* _What is needed_: Your copy should hold only the lines from the one with "Buongiorno carriola con i fiori" to the one with "Tiny McDonald's", both included, each exactly as it stands below, with no pictures.

* _Supplied entries_:

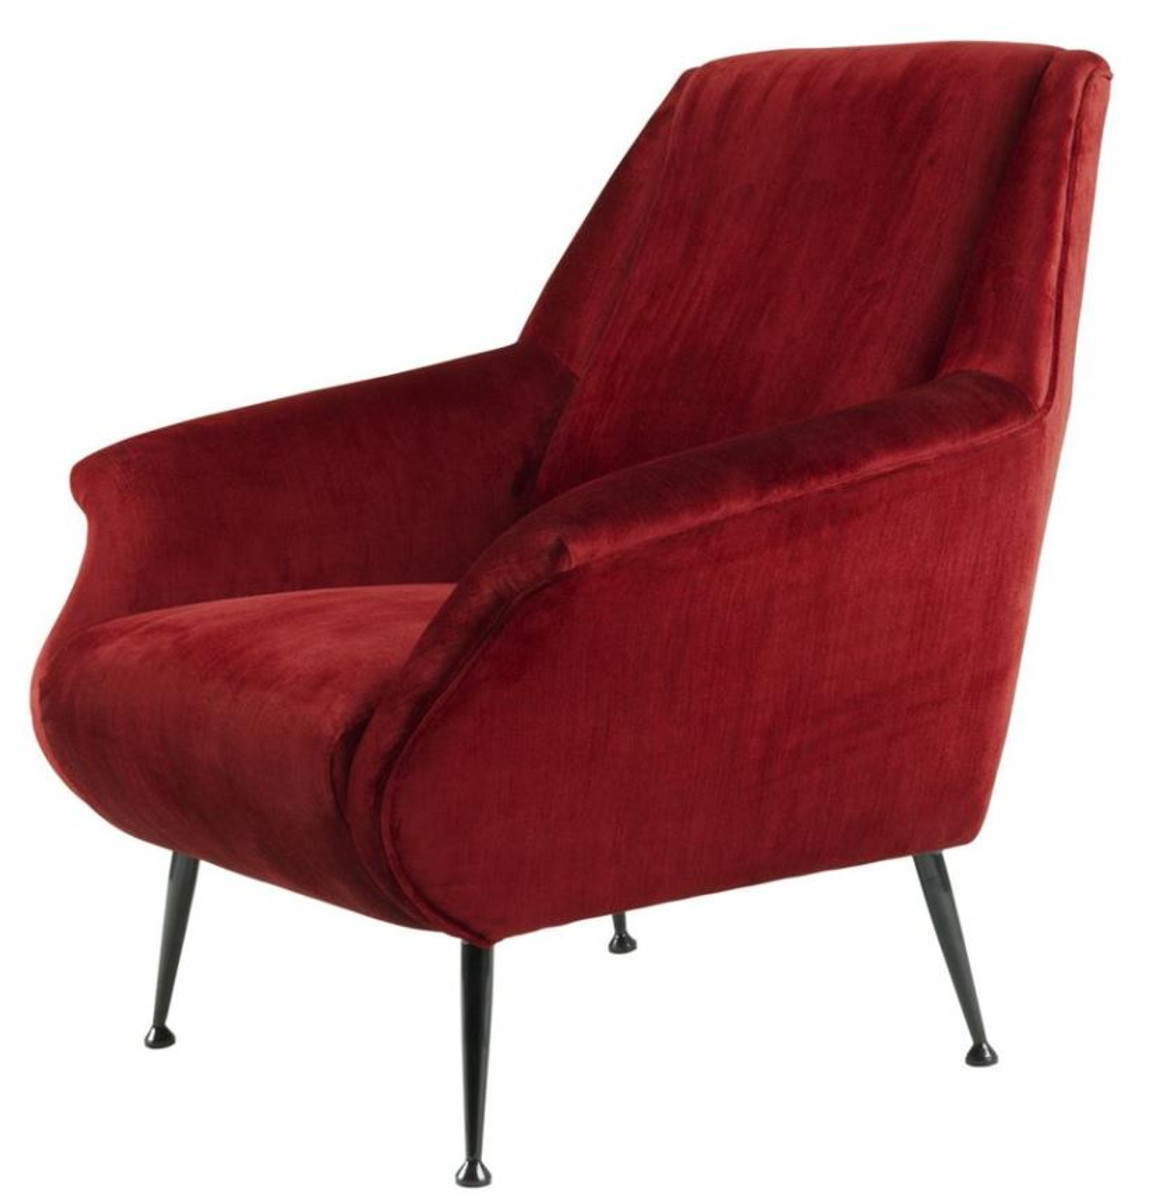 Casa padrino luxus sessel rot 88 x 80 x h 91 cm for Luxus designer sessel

* * *

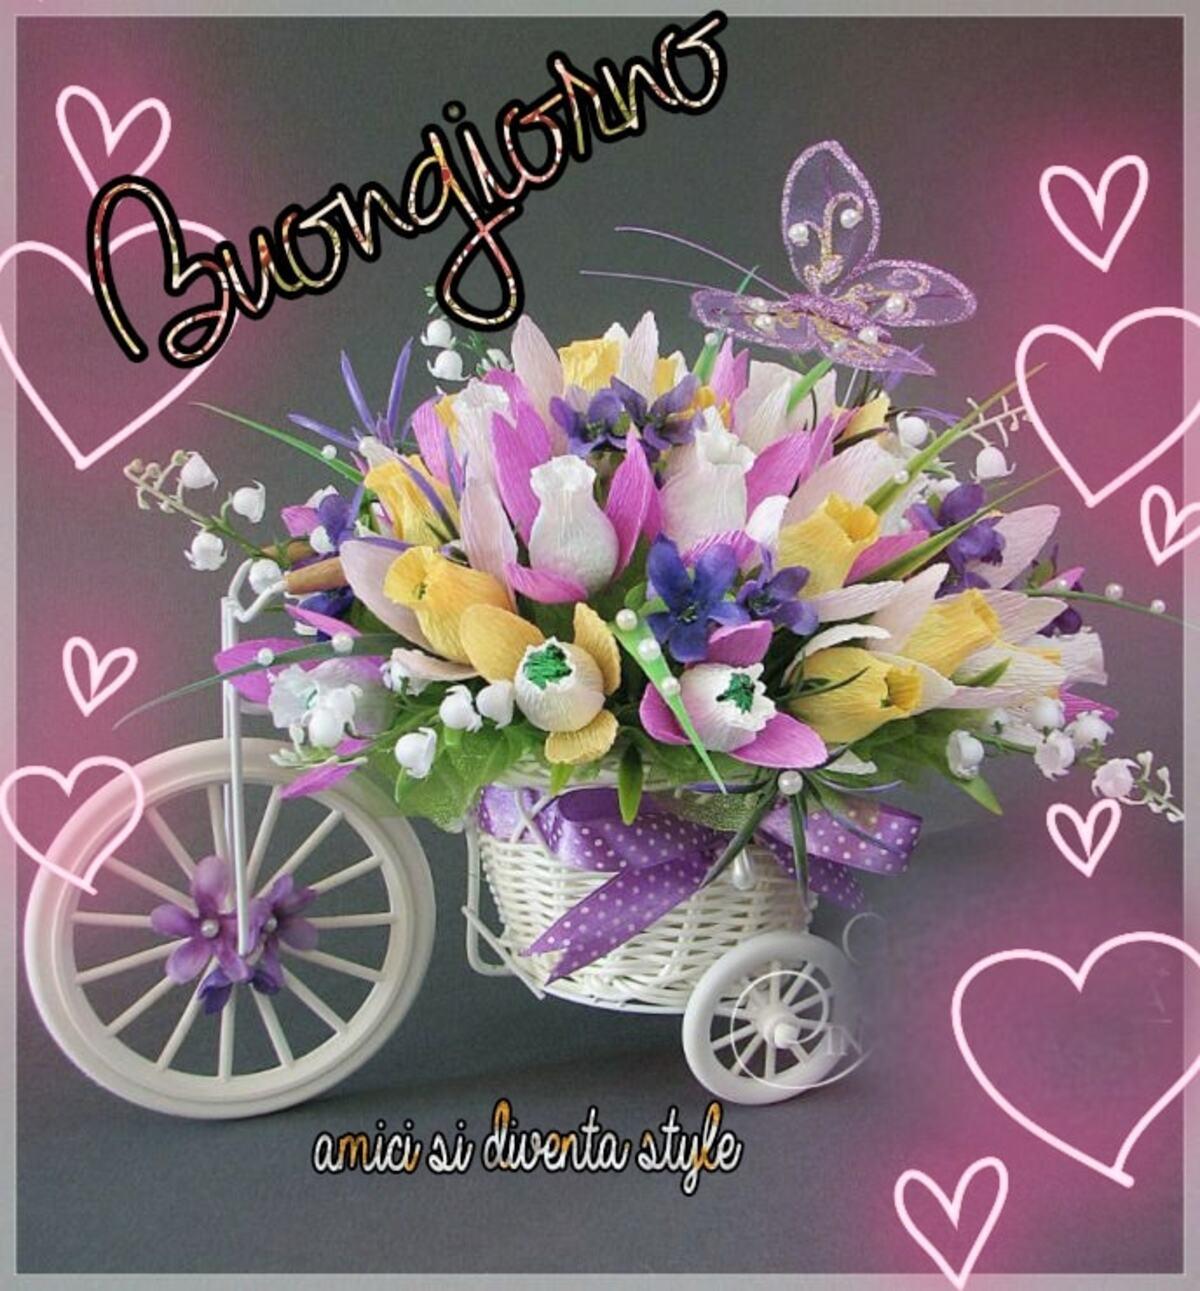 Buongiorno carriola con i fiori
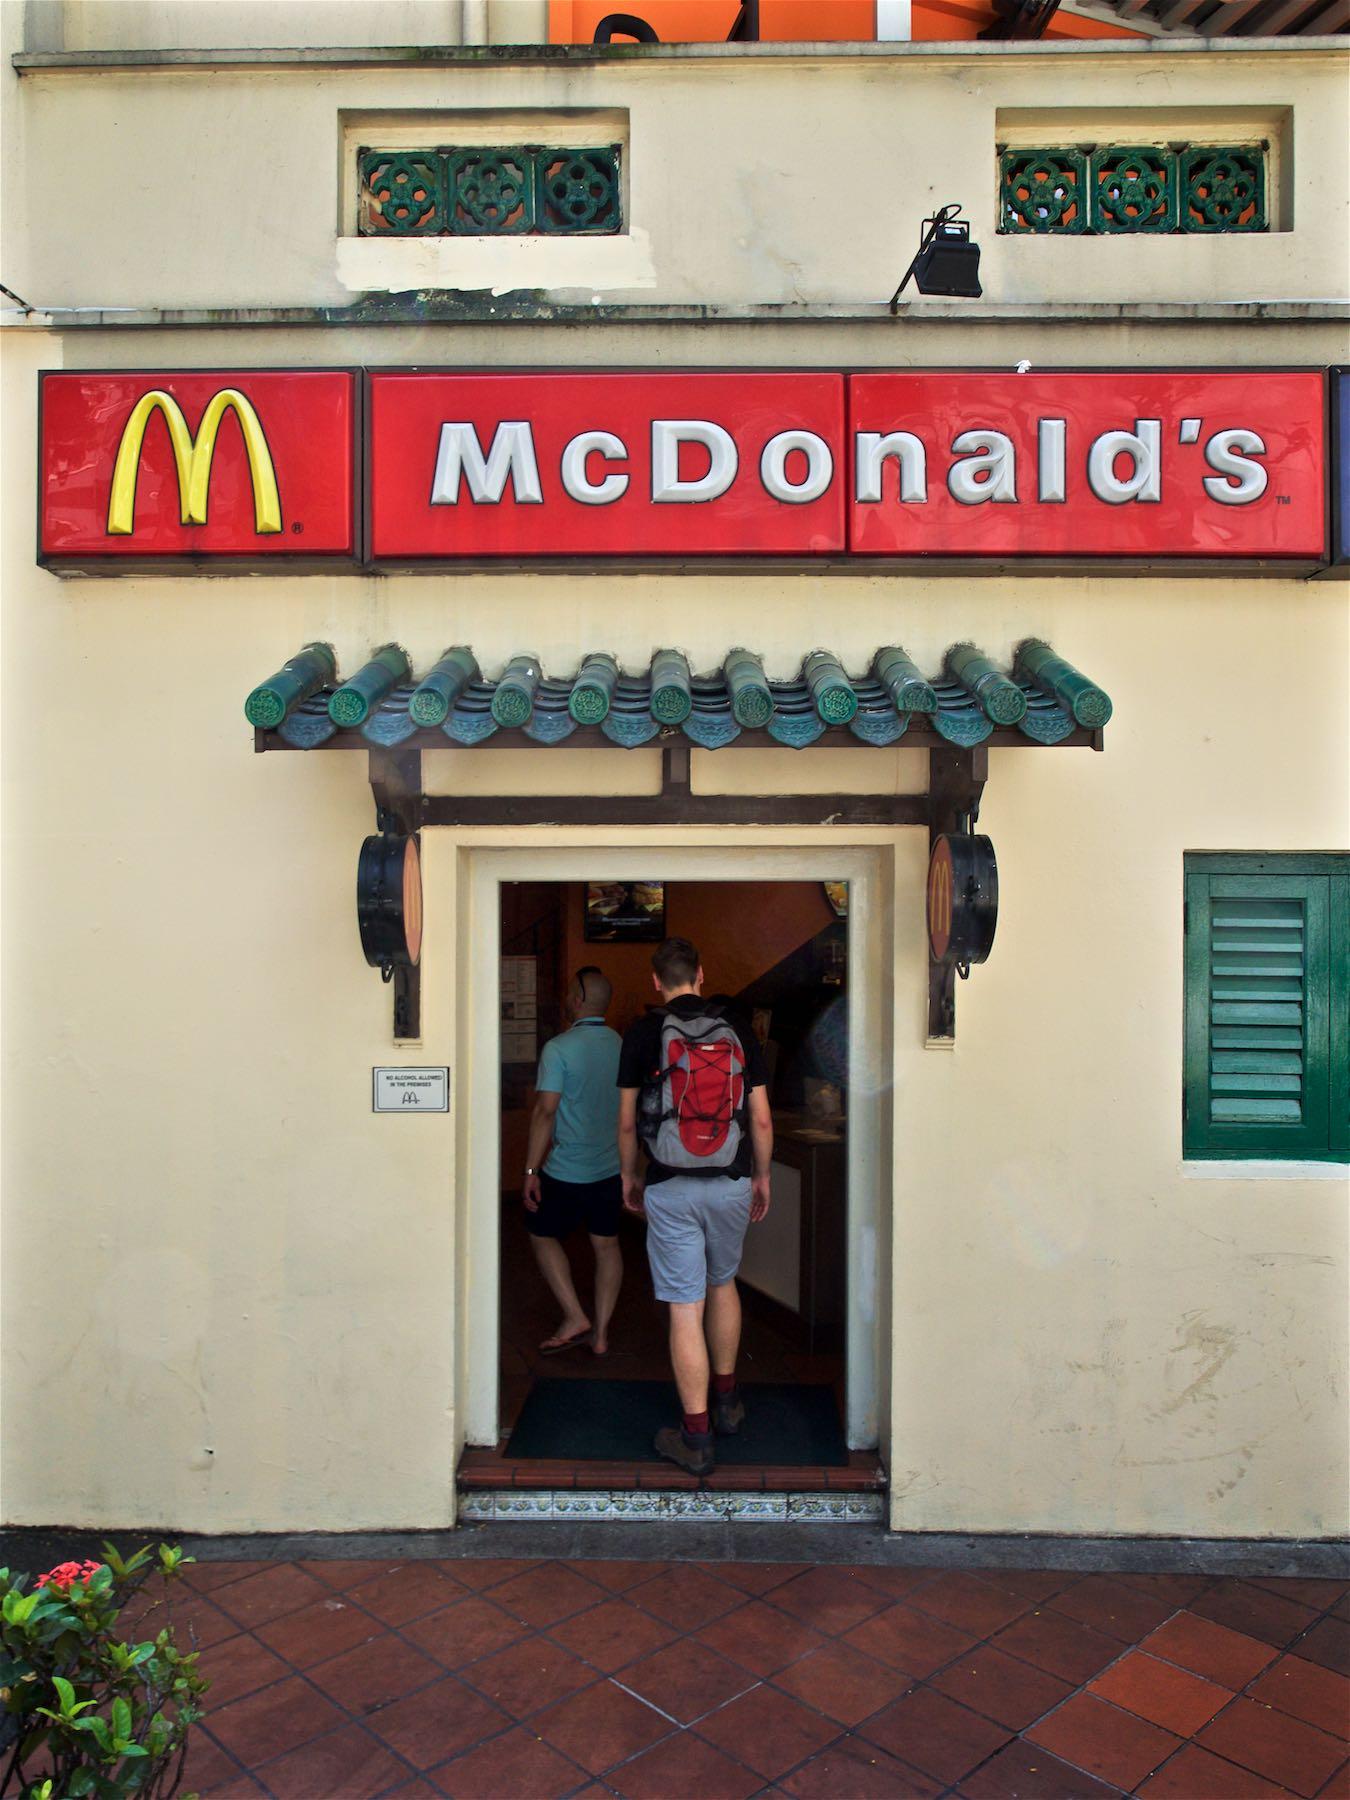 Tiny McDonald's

* _Written answer_:
 Buongiorno carriola con i fiori
 Tiny McDonald's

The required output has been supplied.